» EXERCISE OBJECTIVE
Give again, word for word, each line below starting at the one that contains "Converse Bank 3d" and ending at the one that contains "Reaching Hand Star".

» AVAILABLE DATA
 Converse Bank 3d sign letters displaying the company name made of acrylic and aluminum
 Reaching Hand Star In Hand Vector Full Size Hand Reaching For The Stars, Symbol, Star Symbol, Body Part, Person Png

--

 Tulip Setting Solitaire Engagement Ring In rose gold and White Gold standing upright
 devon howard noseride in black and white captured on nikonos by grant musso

» RESPONSE TO THE TASK
 Converse Bank 3d sign letters displaying the company name made of acrylic and aluminum
 Reaching Hand Star In Hand Vector Full Size Hand Reaching For The Stars, Symbol, Star Symbol, Body Part, Person Png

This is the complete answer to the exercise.